I don't inform friends/ colleagues that they have fakes unless asked by them. If they do ask me I'll be honest, explain what the "give-aways" are on each specific cigar, and tell them not to feel bad because it happens all the time and that I too have bought fakes before I knew better. I will also give them some advice on what to do next time they are looking for legit Cuban cigars. Finally, yo help soften the blow, I'll usually give them a legitimate Cuban from my humi.


----------



## GrtndpwrflOZ (May 17, 2007)

I like the term LYING BY OMMISSION


----------



## Hermit (Aug 5, 2008)

Friends don't let friends buy fakes.
Go ahead and break his heart.
It's your duty.


----------



## 96Brigadier (Oct 20, 2009)

Personally I would want to know if I was handing out fake cigars and would appreciate it if I was told the truth about them.


----------



## Dave.73 (Mar 25, 2010)

That's a sticky situation. I would definitely want to know especially if I was spending my hard earned money. You know the saying...fool me once....


----------



## Shaz (Oct 10, 2008)

This question comes up every now and then. It's never happened to me yet. I think each case is different and what you do is based on how you think the gifter will respond. If you feel that there's any chance of hurting his feelings or making him feel stupid, especially in front of others, then you smile and say thank you.


----------



## GentlemanJester (Feb 28, 2010)

Some people I would tell, others I wouldn't... It just depends on the person. You know him, use your best judgement.

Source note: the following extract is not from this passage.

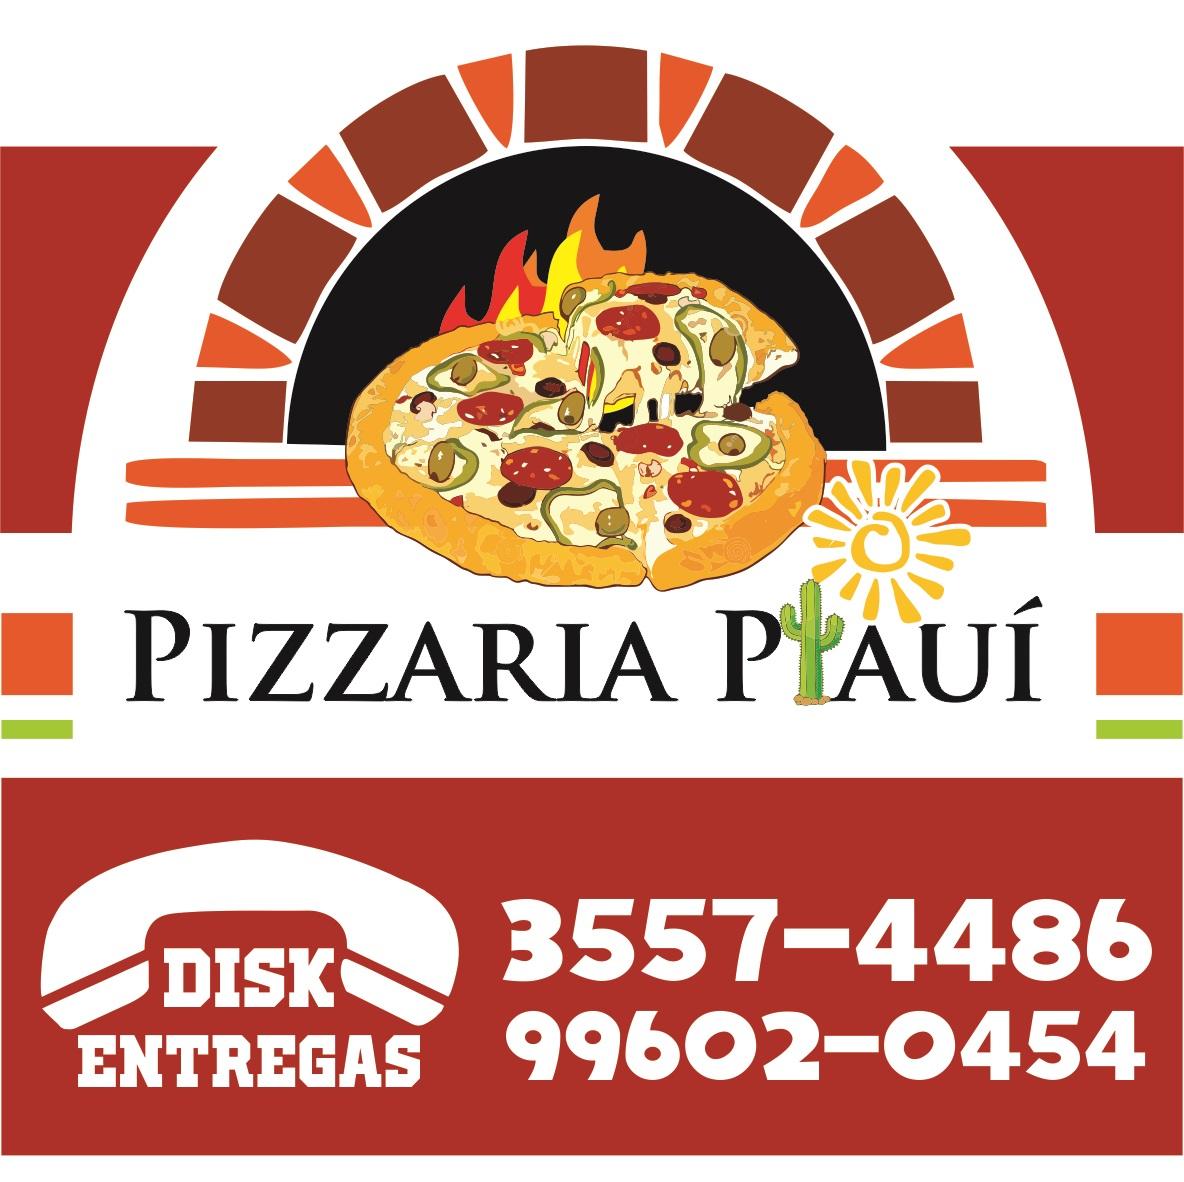 Pizzaria Piauí
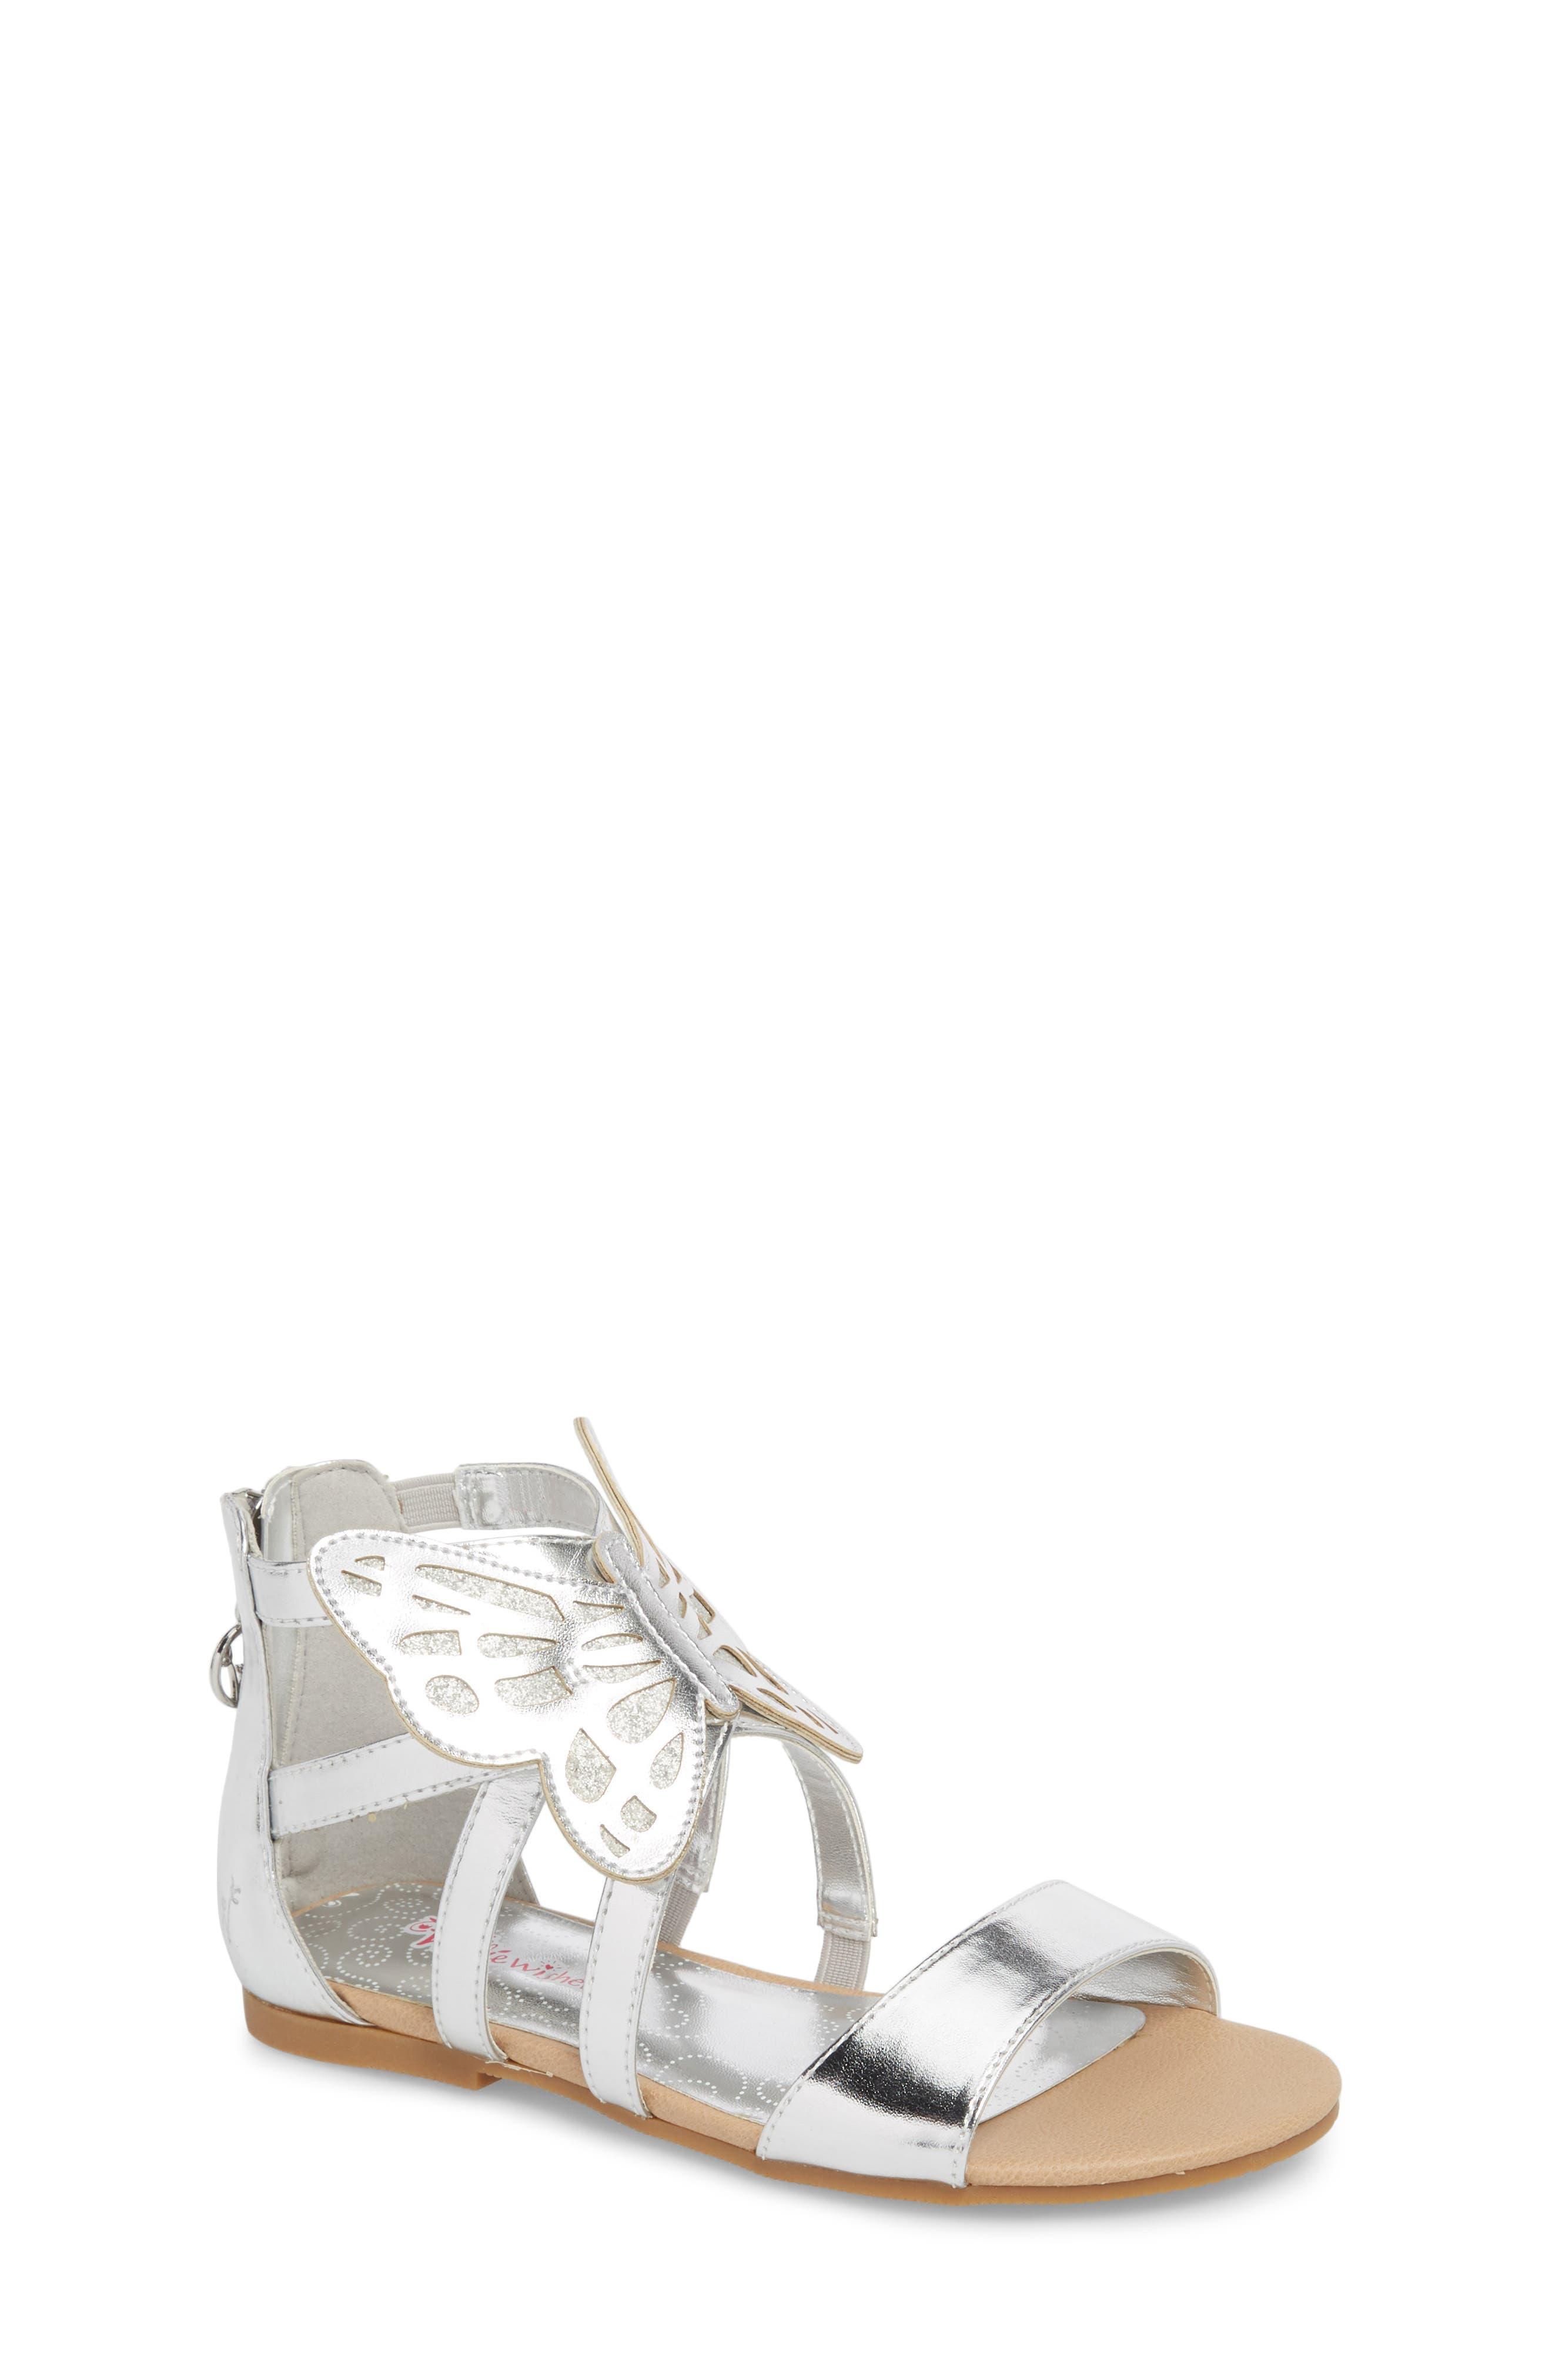 Alternate Image 1 Selected - WellieWishers from American Girl Willa Flutter Metallic Sandal (Walker, Toddler & Little Kid)

As a cigar smoker I would want to know for sure. Even if I wasn't a cigar smoker I would want to know for sure but that's just me. 

I'm fully expecting that I'll have to deal with this soon as my brother and his wife are going on a cruise to the islands, and he's already mentioned Cubans. I just keep telling him to find a reputable store, but I still think I'll end up with a gift of fakes. Gotta love the gesture though


----------



## Nickerson (Mar 19, 2009)

Father was gifted the most shabbiest looking cigar I have ever seen. Stretch marks and uneven color. Opened it up and there were twigs and whatnot inside it.

Didn't tell the guy. No need to upset them in my opinion. Kind of like getting an ugly sweater from your Grandma for Christmas, just smile and make her feel good.


----------



## gibson_es (Jan 23, 2010)

my aunt just got married and her new hubby and her took a cruise, he knows i like cigars, and so he brought me and my dad both a monte (no 2 or no 4) but it was a fake, it tasted like it, and s_vivo confirmed it through pics. me and dad decided not to tell him, we just said thanks. maybe down the road when we have a closer relationship we will tell him it was a fake, but for now i dont want him to think i dont appreciate the gesture, besides, i had it right before my first real cuban, so i feel like it was an initiation or something. lol.


----------



## Scardinoz (Mar 15, 2010)

Shaz said:


> If you feel that there's any chance of hurting his feelings or making him feel stupid, especially in front of others, then you smile and say thank you.


Even here, if possible, tell them later in private.


----------